*BRIEF*:
A faithful copy is required. Print each line of the data exactly and omit the pictures.
Start of DATA RECORDS
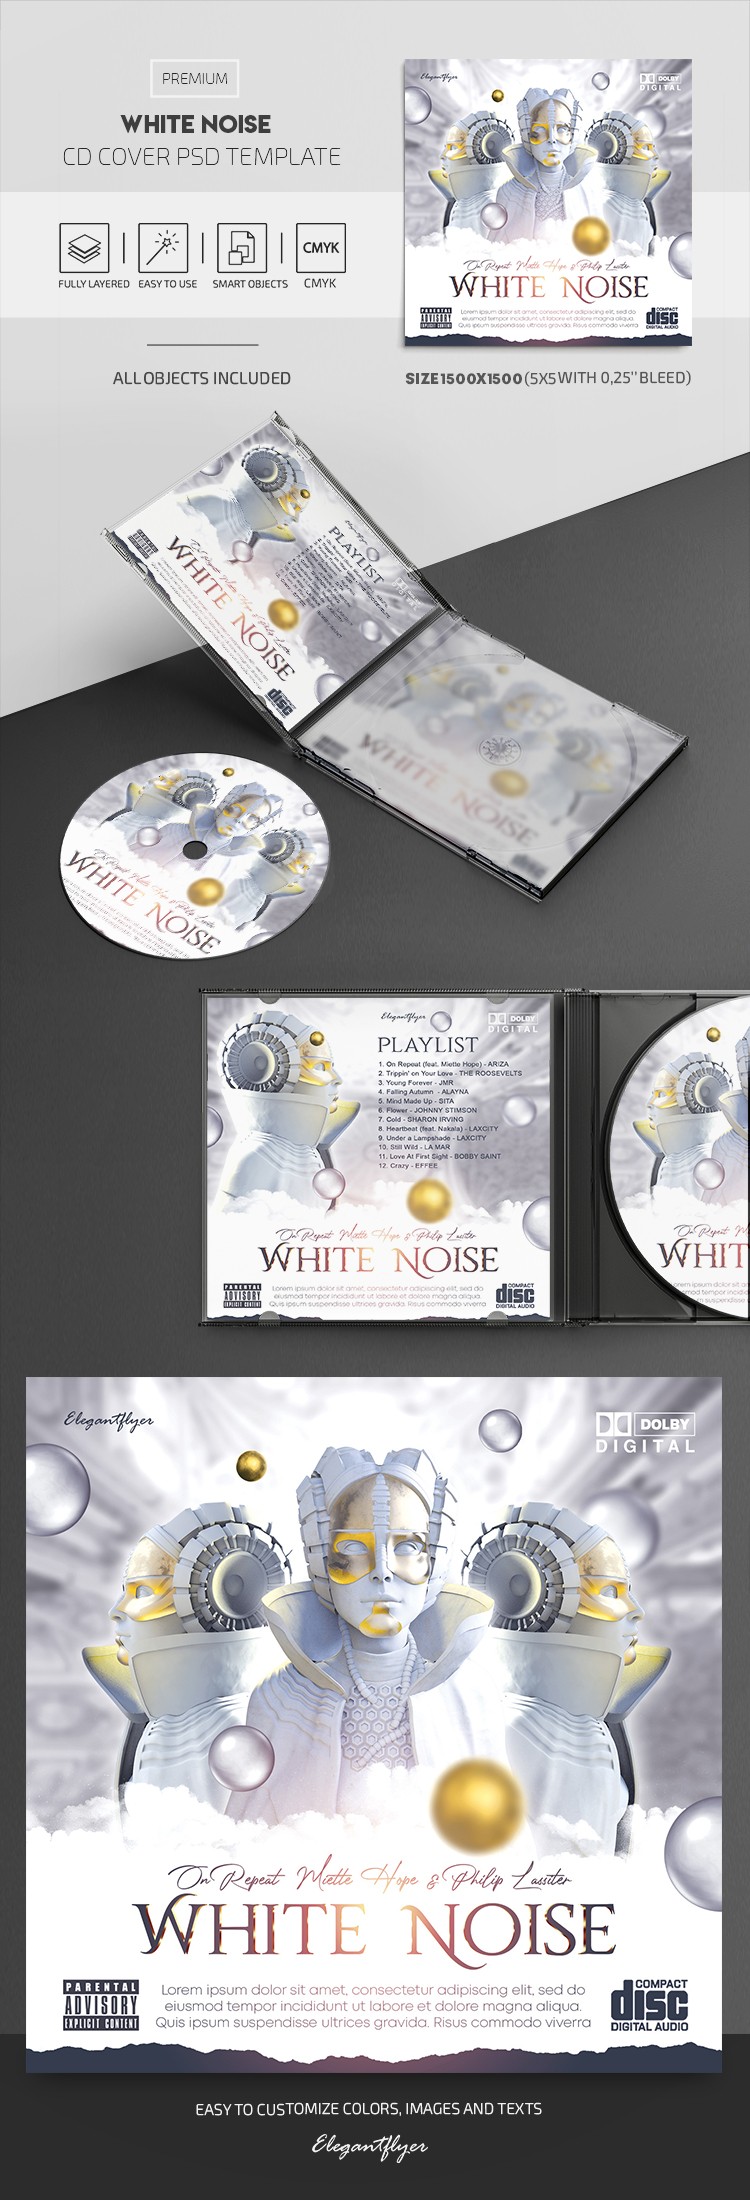 Portada del CD de Ruido Blanco by ElegantFlyer
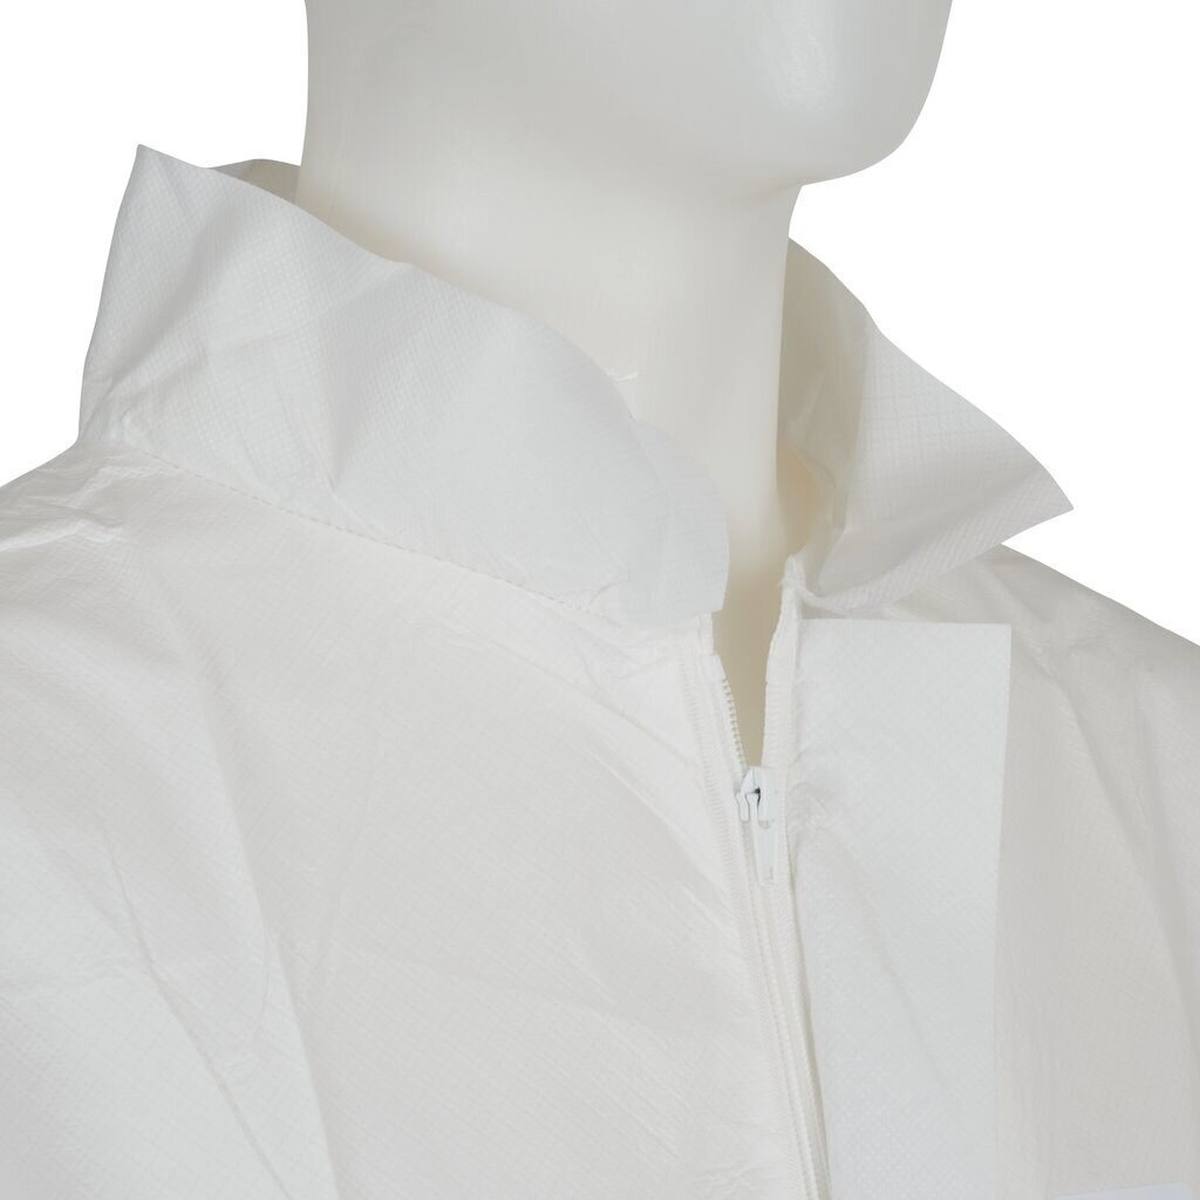 cappotto 3M 4440, bianco, taglia 3XL, particolarmente traspirante, molto leggero, con zip, polsini in maglia
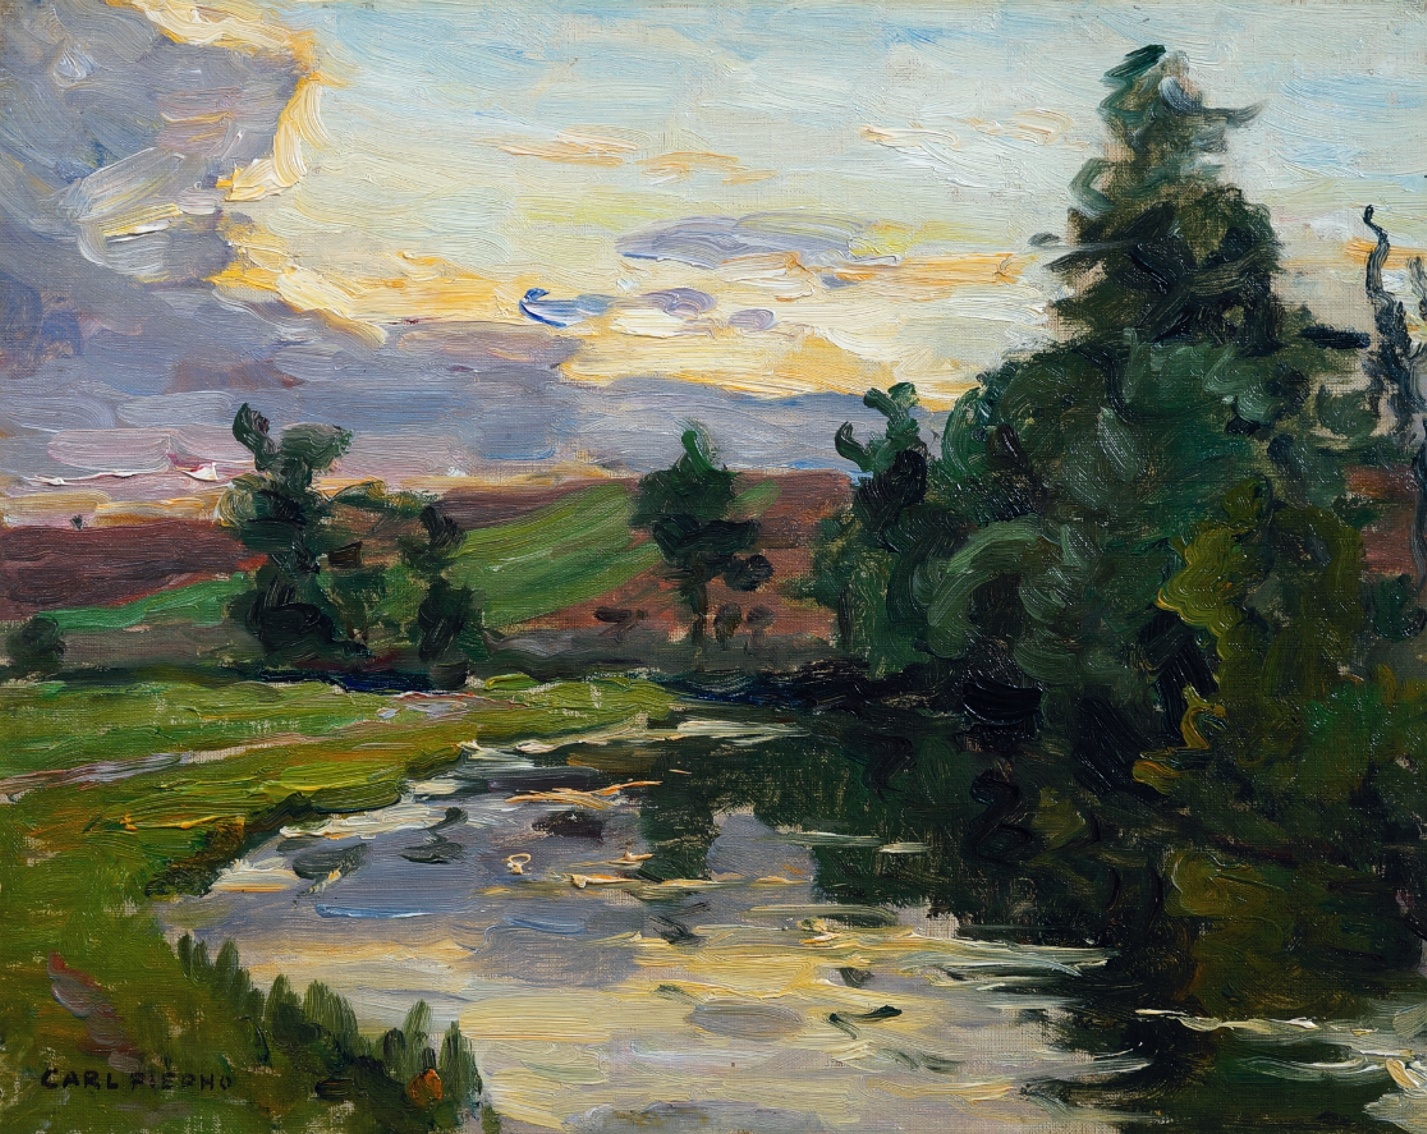 Carl Piepho (1869 - 1920) » Öl-Gemälde Impressionismus süddeutsche Malerei
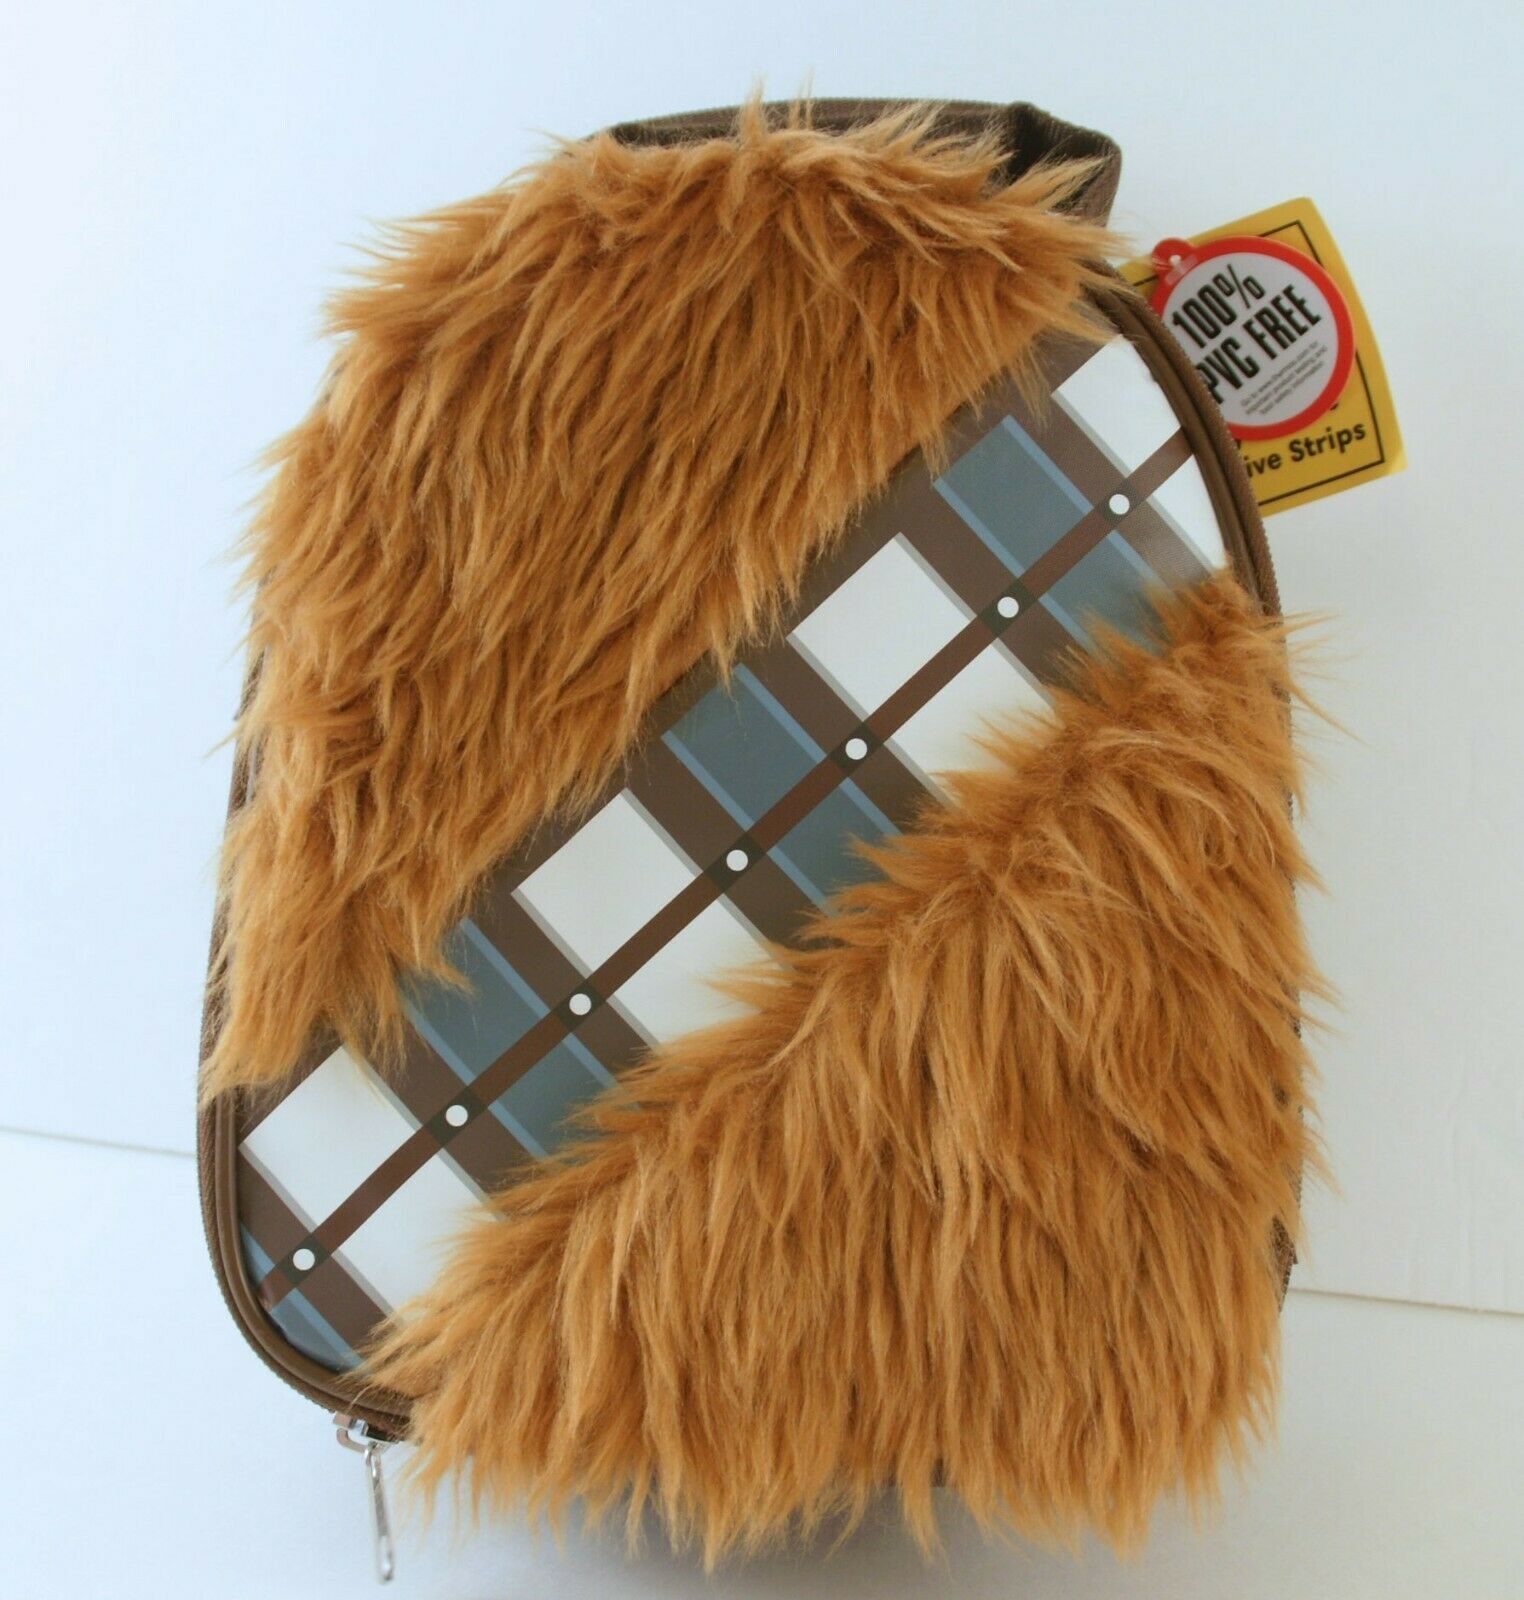 Star Wars Chewbacca Lunch Bag Fuzzy Disney Thermos Brand Kids Adult Boys Girls - $10.88
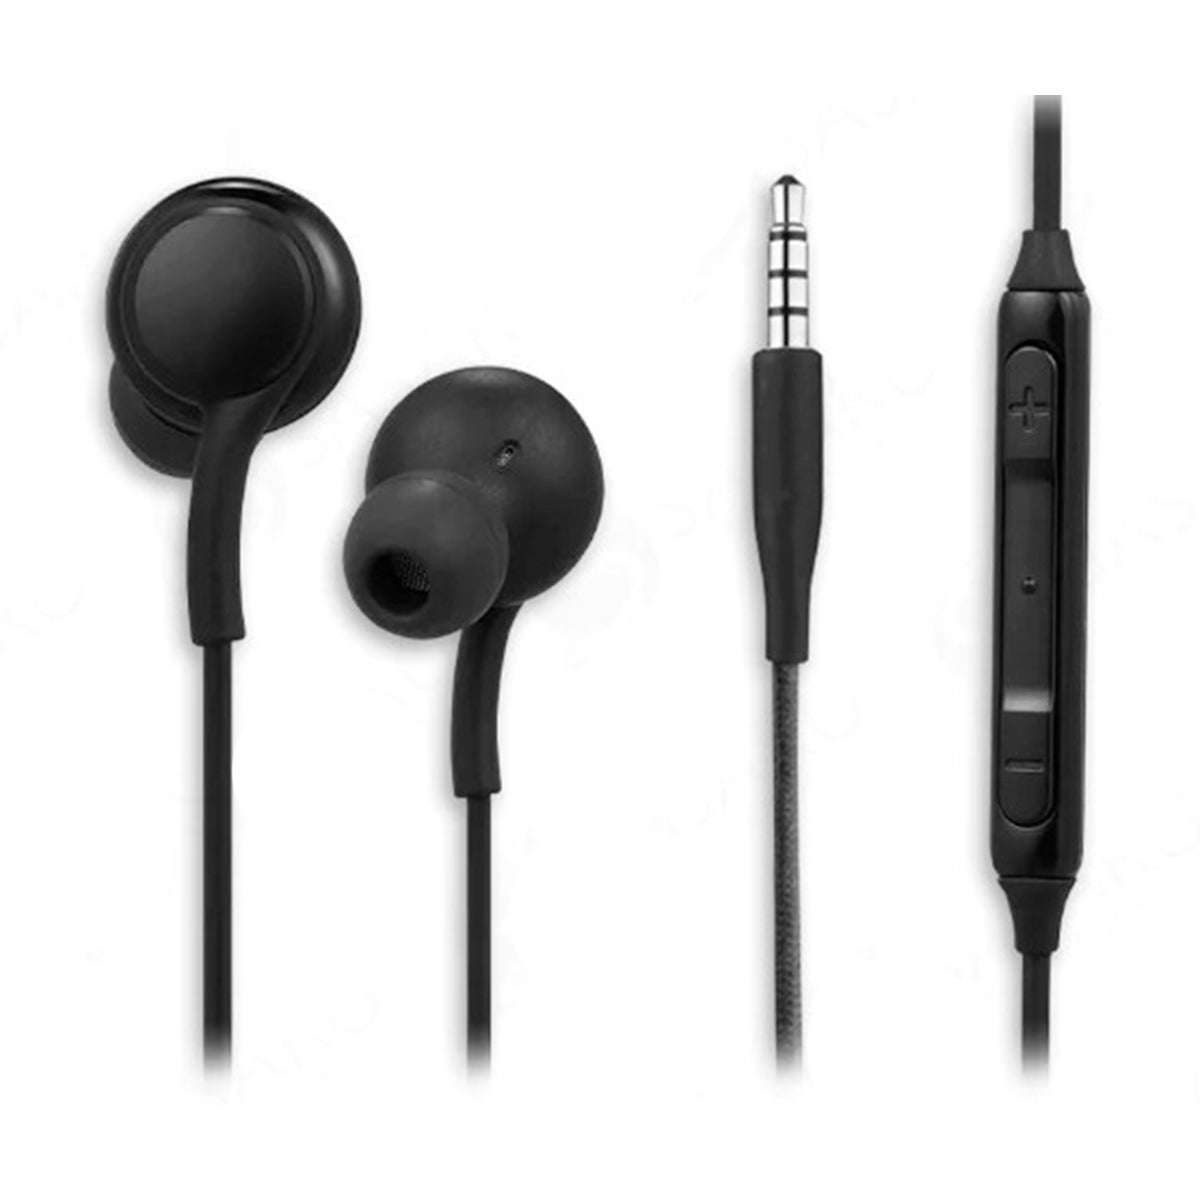 Audífonos Tuned de Original para S8/S9
End of DATA RECORDS
*RESPONSE TO THE TASK*:
 Portada del CD de Ruido Blanco by ElegantFlyer
 cappotto 3M 4440, bianco, taglia 3XL, particolarmente traspirante, molto leggero, con zip, polsini in maglia
 Carl Piepho (1869 - 1920) » Öl-Gemälde Impressionismus süddeutsche Malerei
 Star Wars Chewbacca Lunch Bag Fuzzy Disney Thermos Brand Kids Adult Boys Girls - $10.88
 Audífonos Tuned de Original para S8/S9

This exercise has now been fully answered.